Data for analysis:
::::::
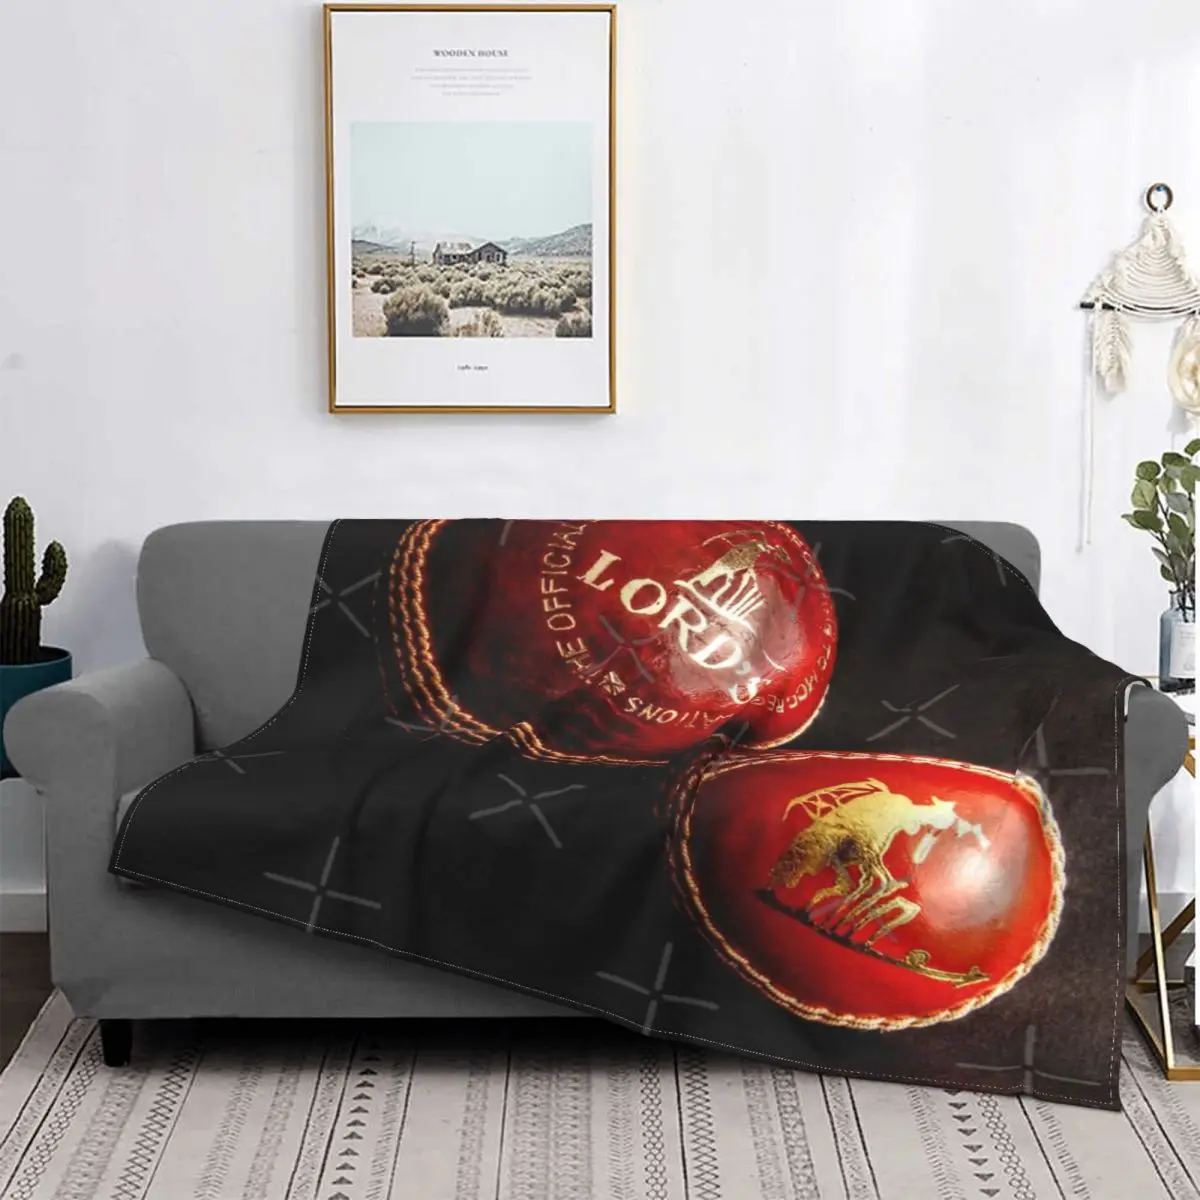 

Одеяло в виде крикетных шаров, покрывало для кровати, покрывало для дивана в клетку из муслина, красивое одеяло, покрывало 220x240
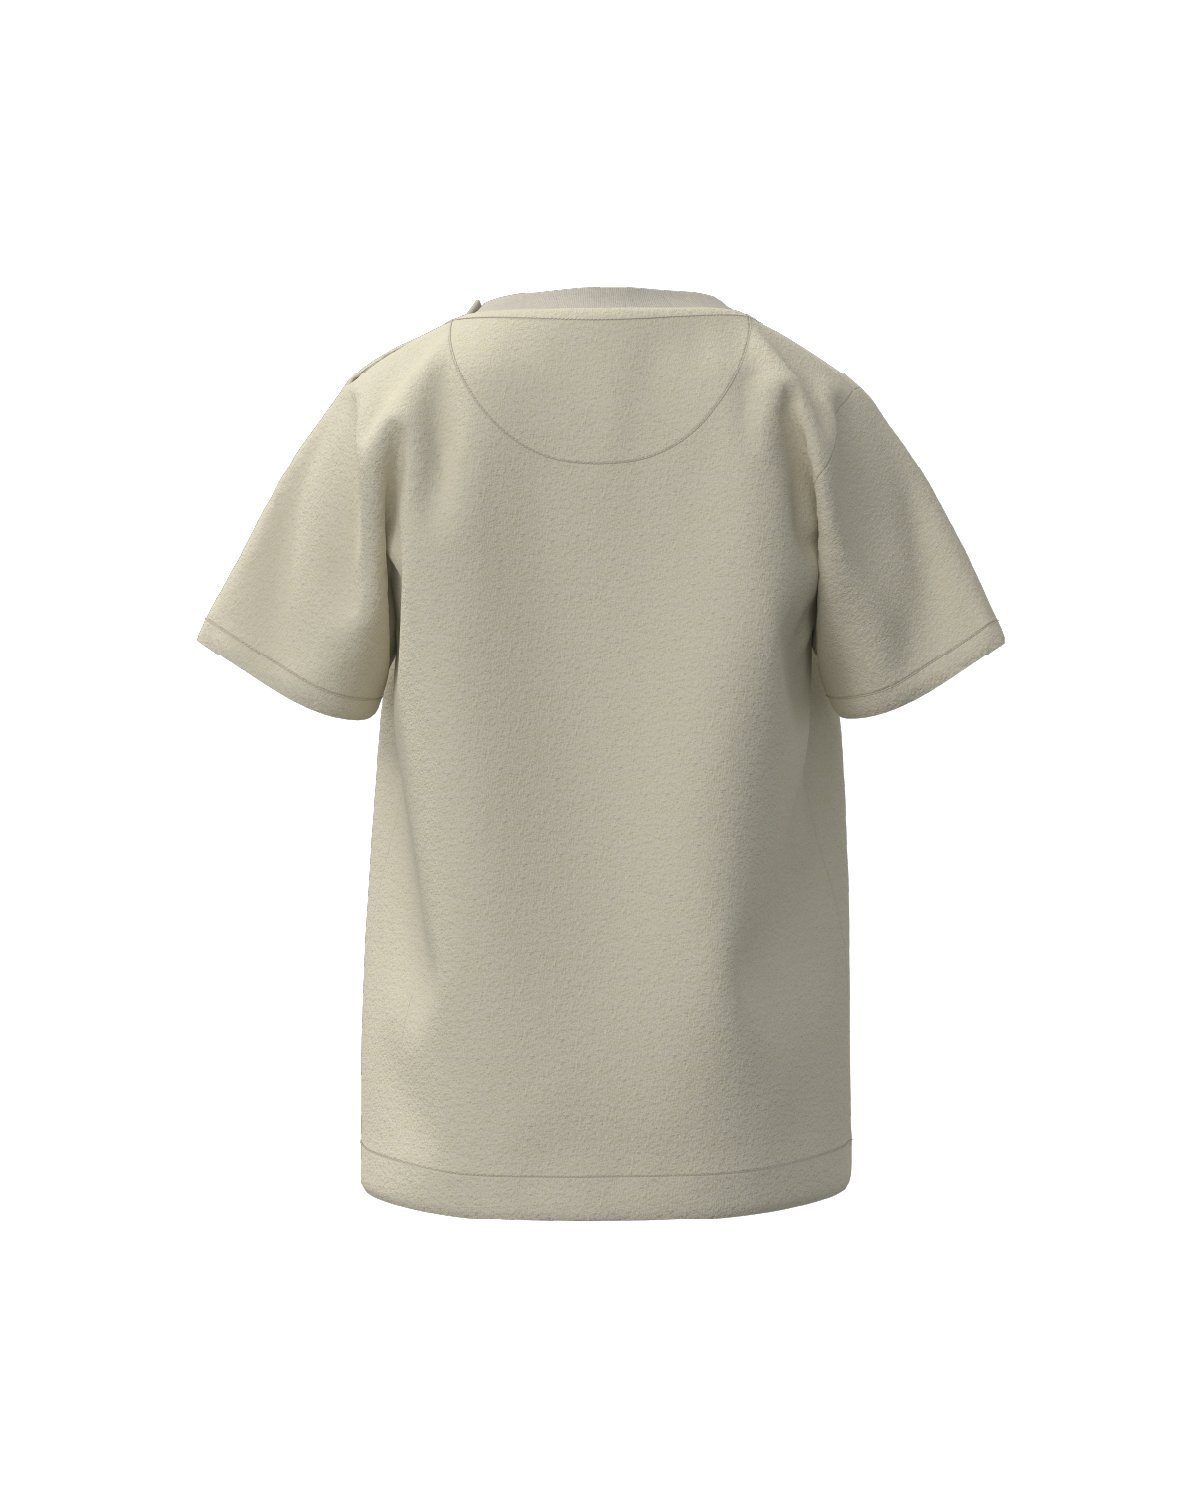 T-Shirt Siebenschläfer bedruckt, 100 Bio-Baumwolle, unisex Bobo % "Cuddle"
::::::
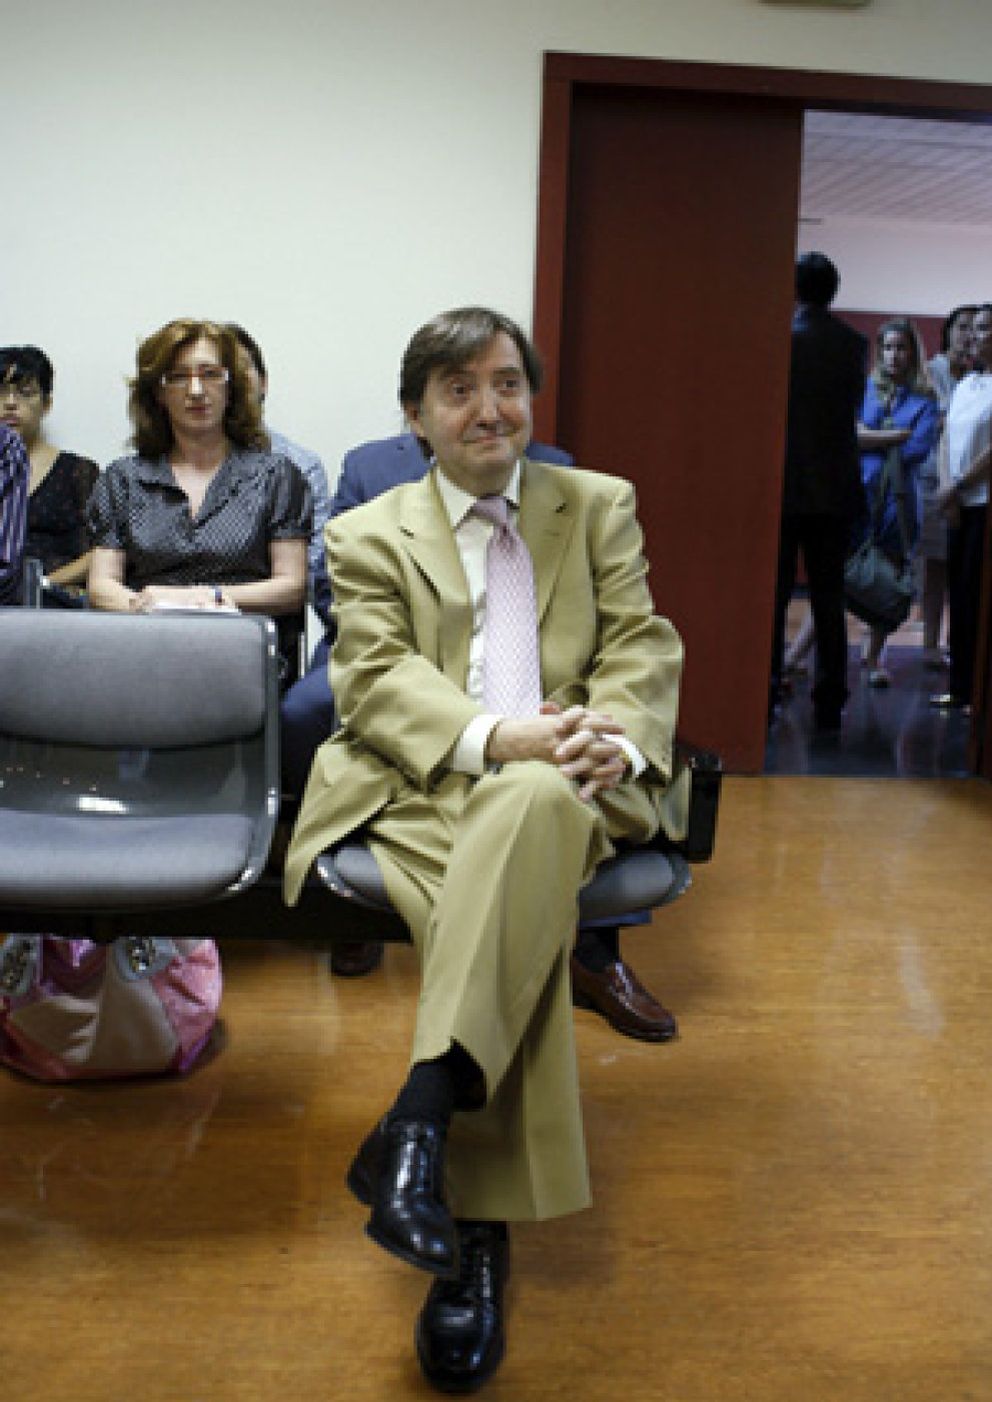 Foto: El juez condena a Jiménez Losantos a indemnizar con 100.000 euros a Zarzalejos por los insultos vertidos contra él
::::::
Give back, exactly and without pictures, the stretch of the records above from the line containing "Одеяло в виде" through the line containing "T-Shirt Siebenschläfer bedruckt, 100", with both end lines included.

Одеяло в виде крикетных шаров, покрывало для кровати, покрывало для дивана в клетку из муслина, красивое одеяло, покрывало 220x240
 T-Shirt Siebenschläfer bedruckt, 100 Bio-Baumwolle, unisex Bobo % "Cuddle"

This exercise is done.